### PROBLEM STATEMENT
Exactly the lines below, starting with the one containing "Amy Hart in" and going on through the one containing "Замена умершей средней", must be reproduced, both ends included, and no pictures with them.

*** Opening PROVIDED MATERIAL ***

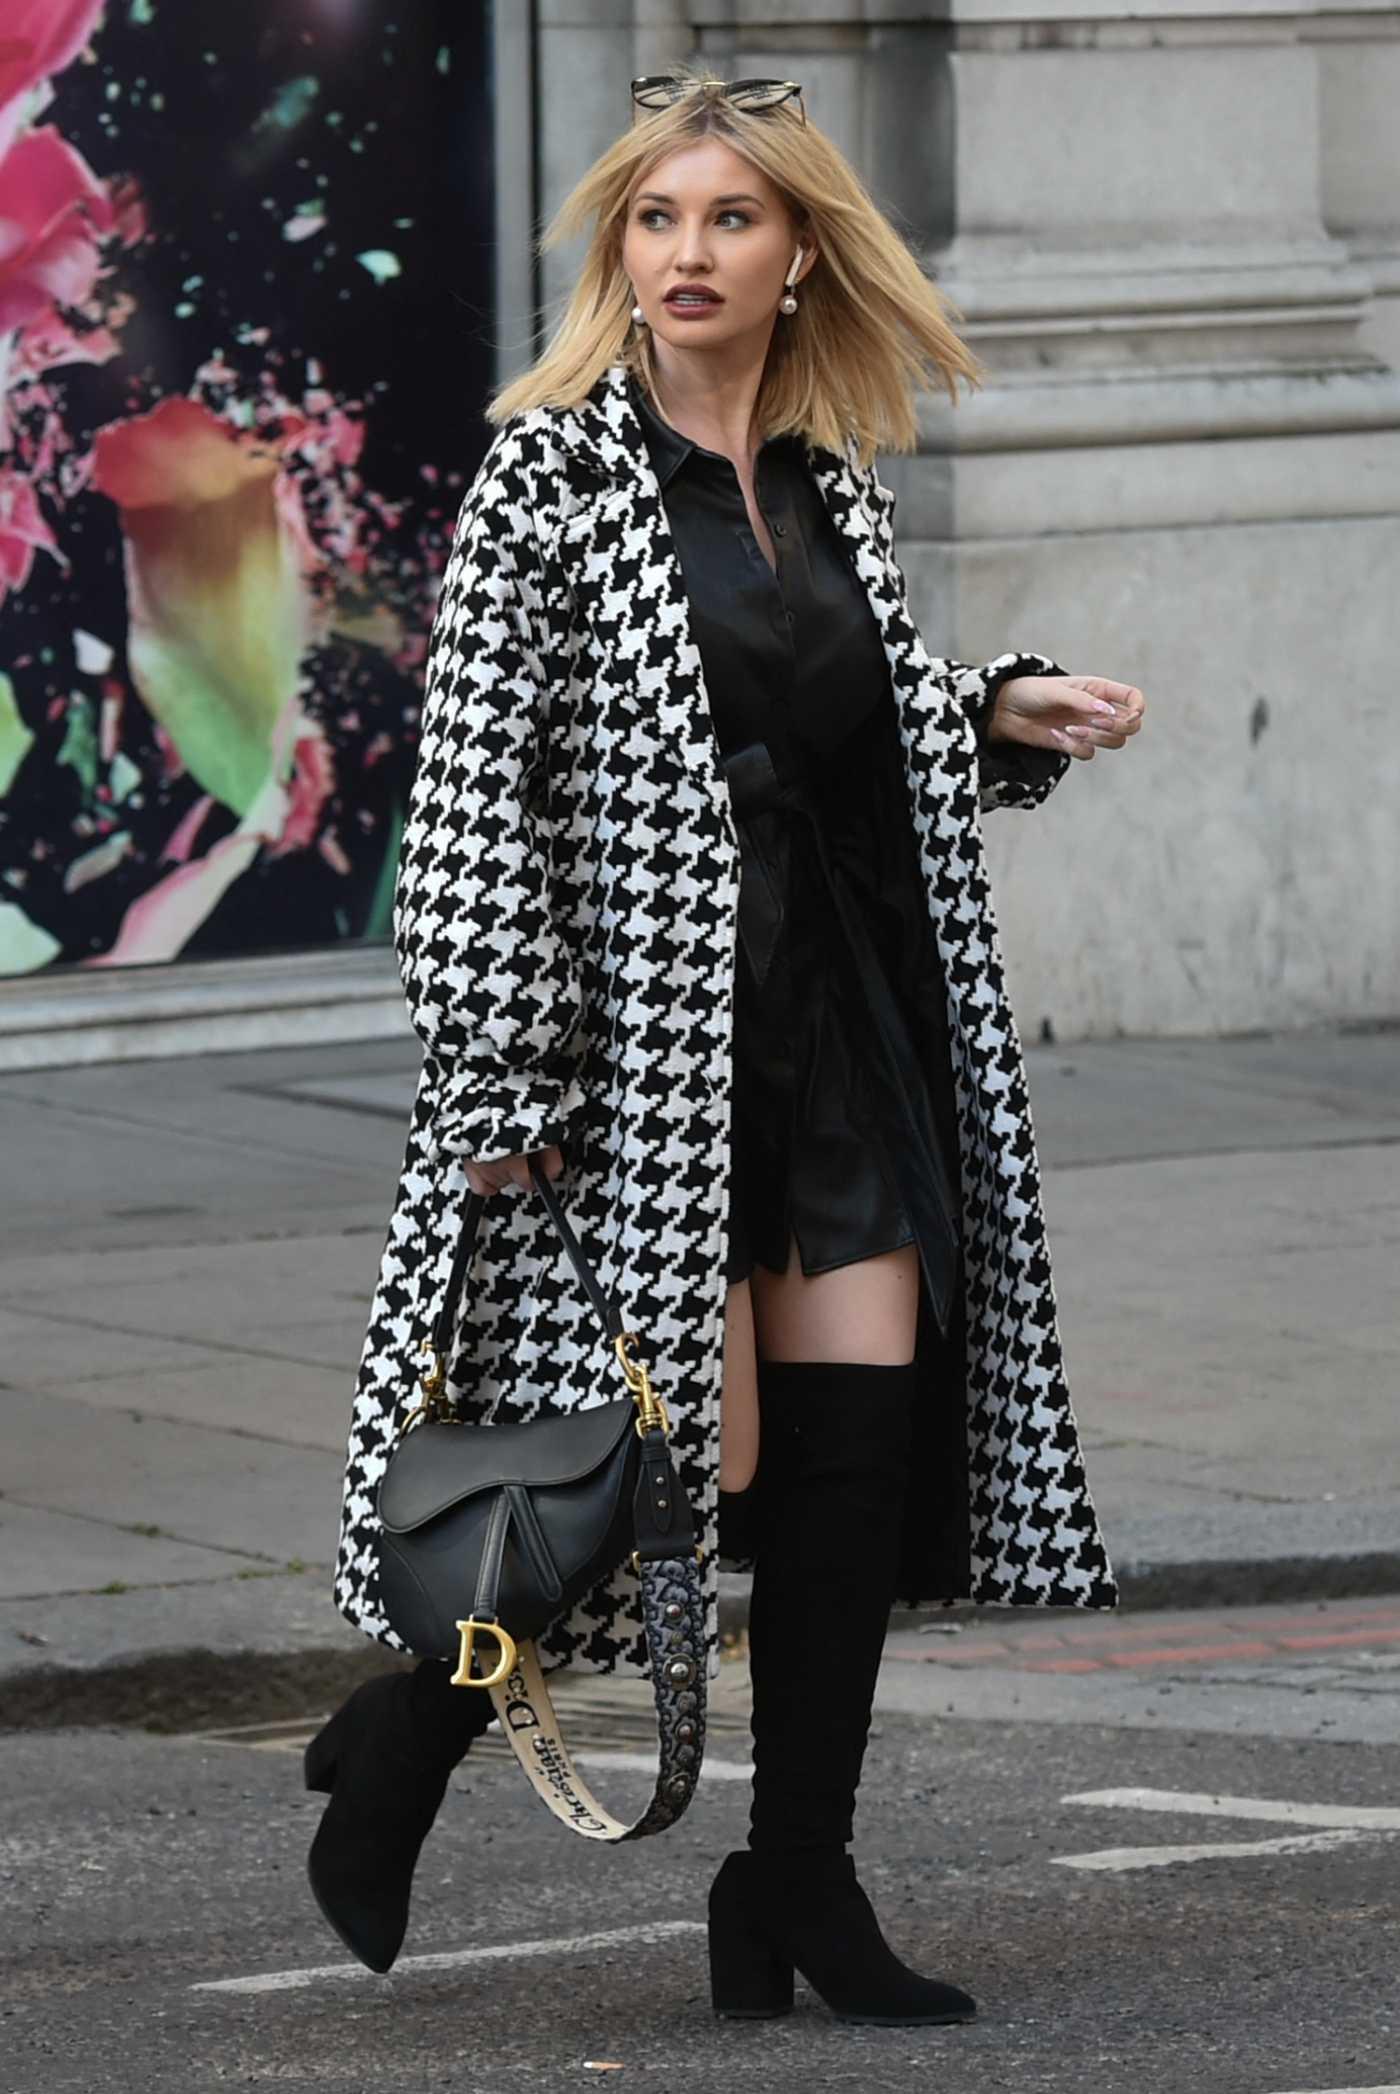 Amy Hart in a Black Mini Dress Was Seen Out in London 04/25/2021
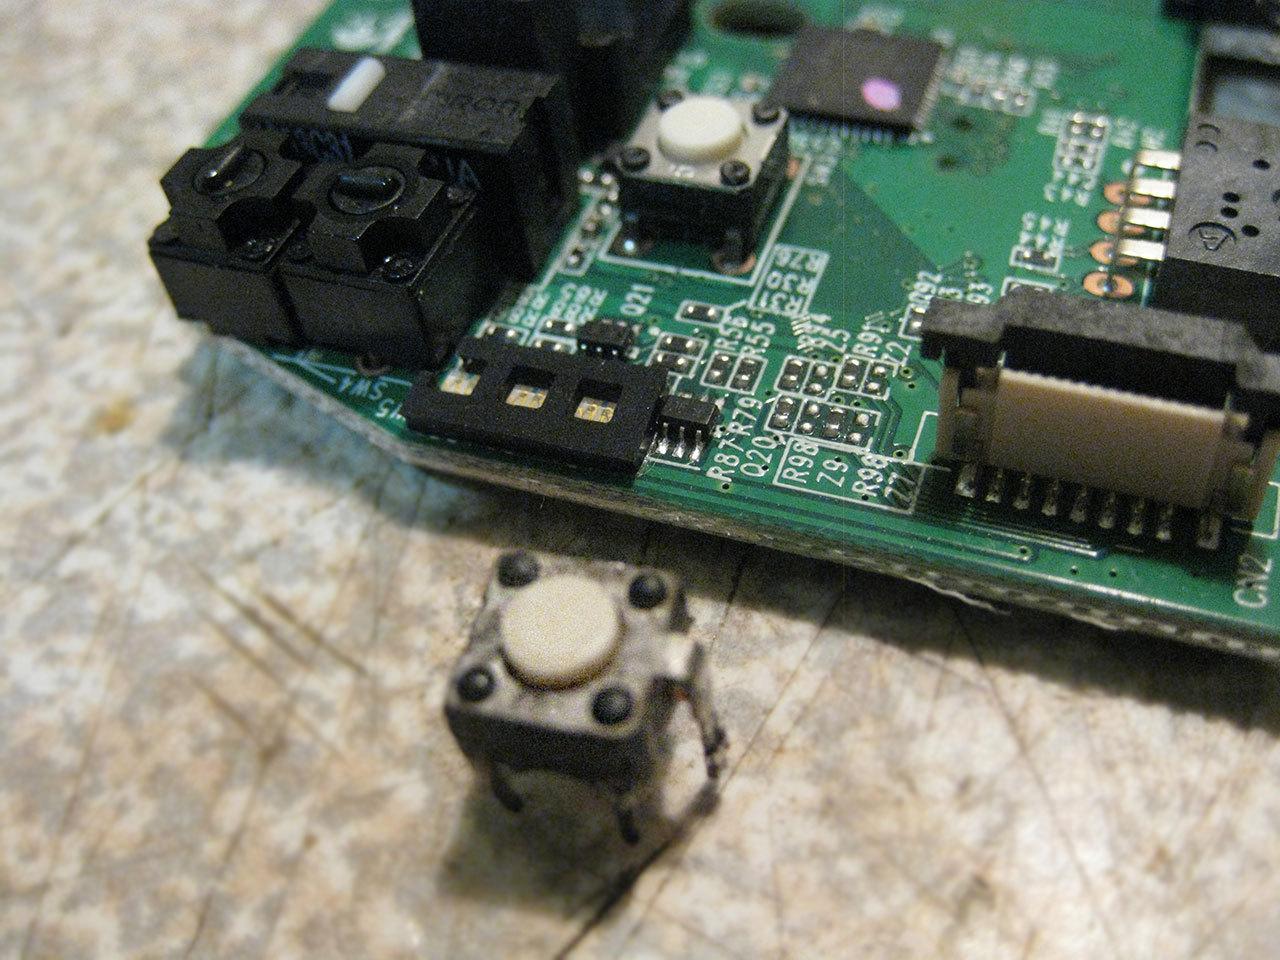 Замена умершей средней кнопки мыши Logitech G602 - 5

*** Closing PROVIDED MATERIAL ***
*** Opening PROVIDED MATERIAL ***

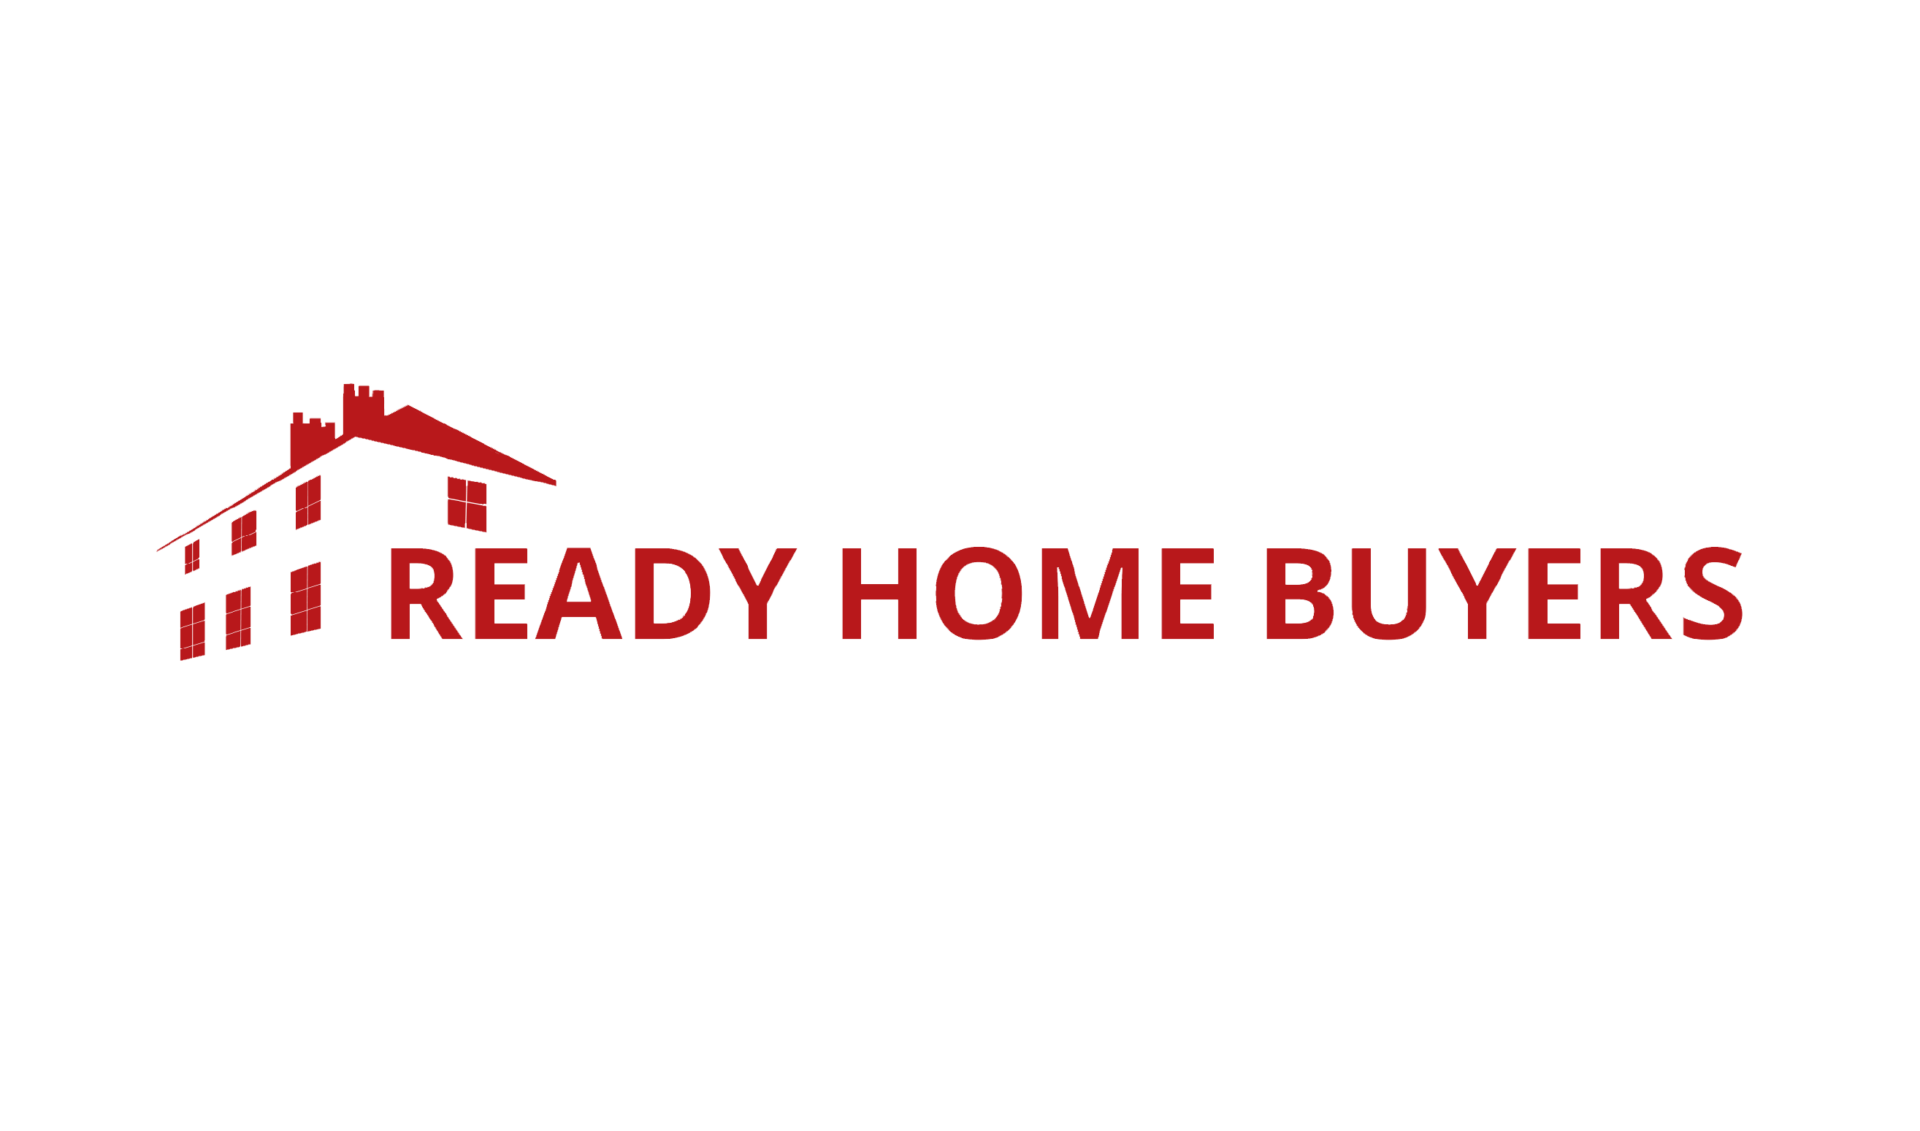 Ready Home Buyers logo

*** Closing PROVIDED MATERIAL ***
*** Opening PROVIDED MATERIAL ***

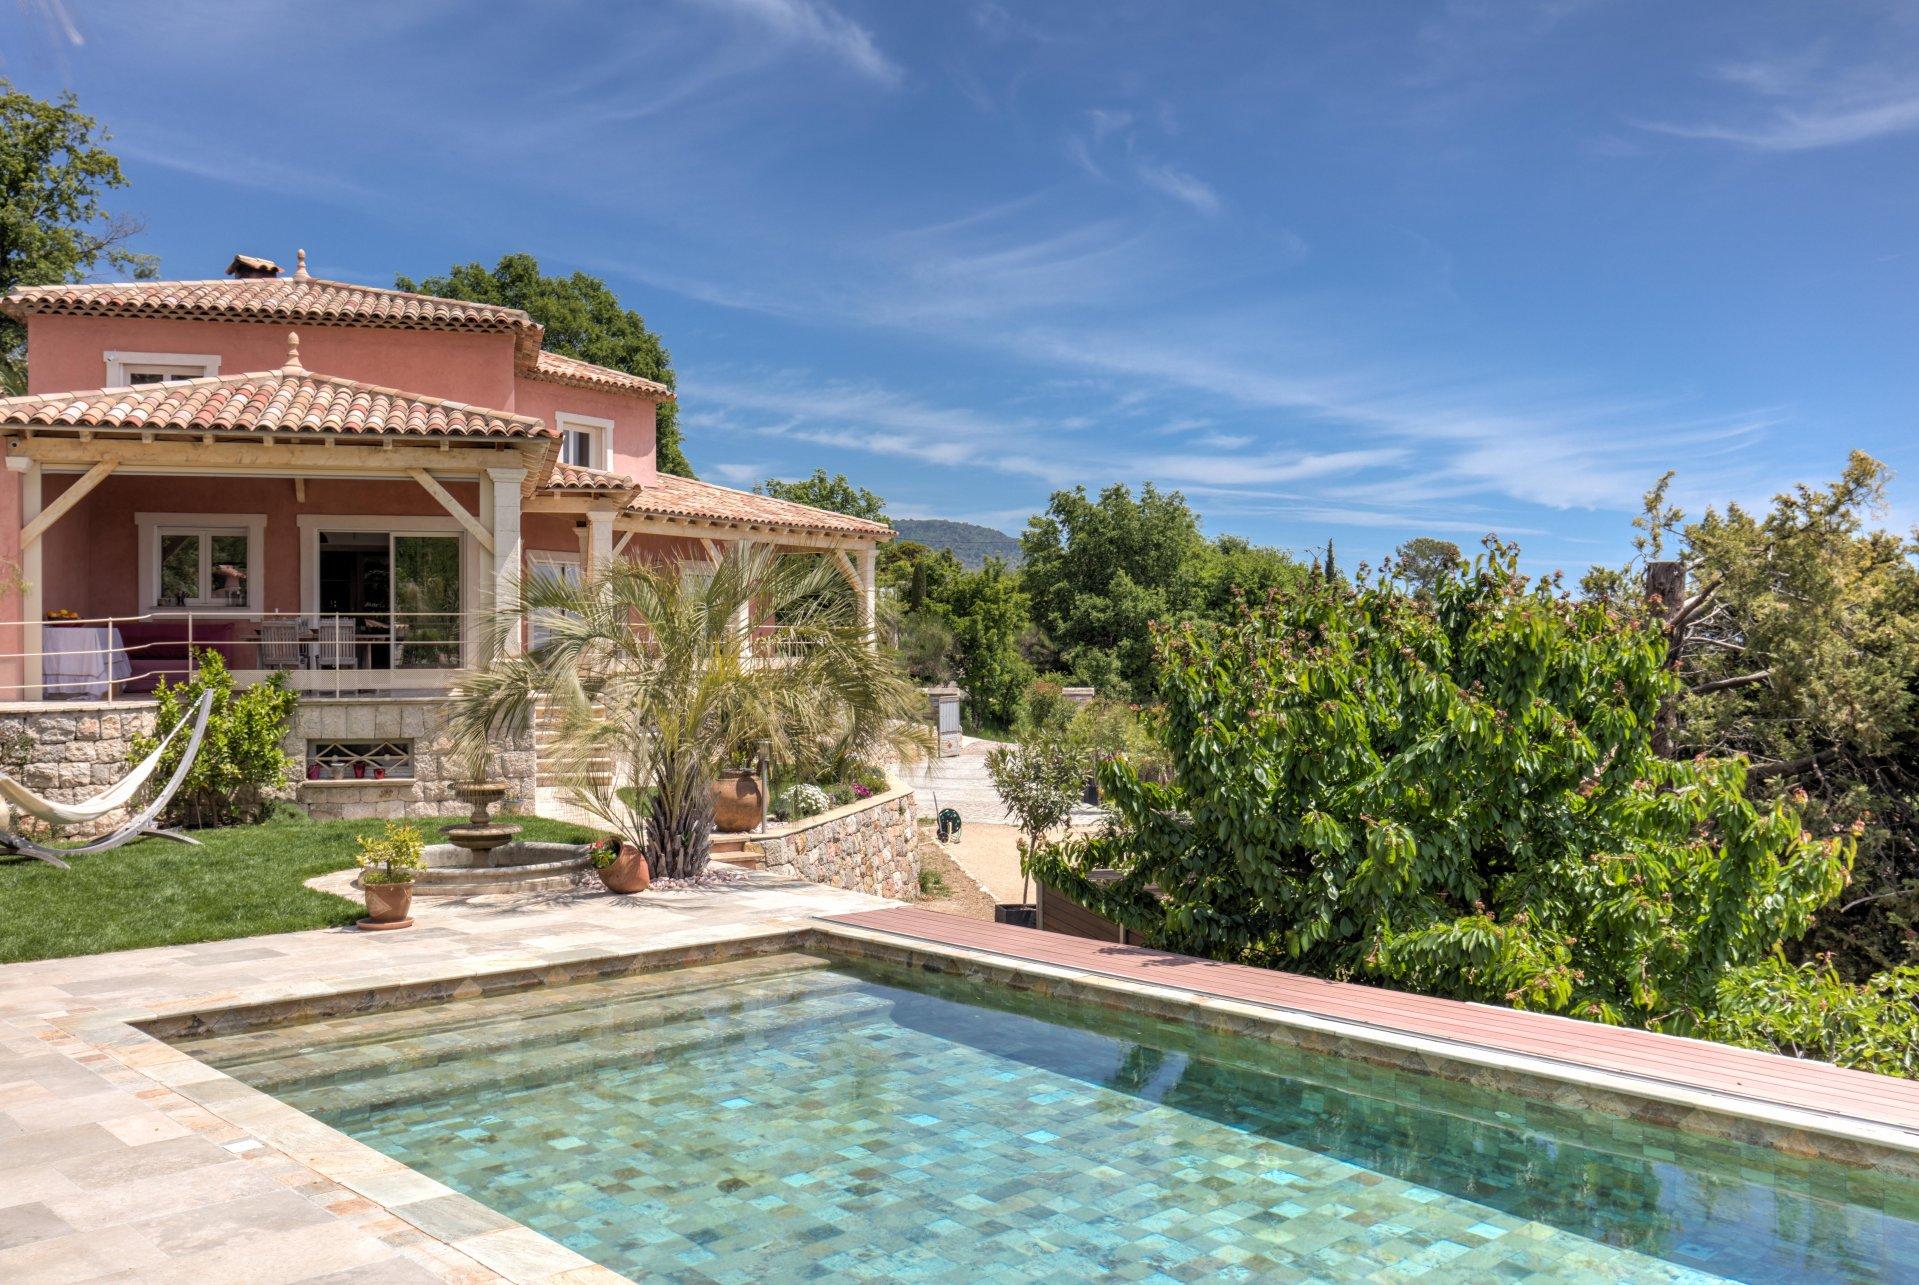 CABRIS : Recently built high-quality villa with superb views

*** Closing PROVIDED MATERIAL ***

### ANSWER TO THIS PROBLEM
 Amy Hart in a Black Mini Dress Was Seen Out in London 04/25/2021
 Замена умершей средней кнопки мыши Logitech G602 - 5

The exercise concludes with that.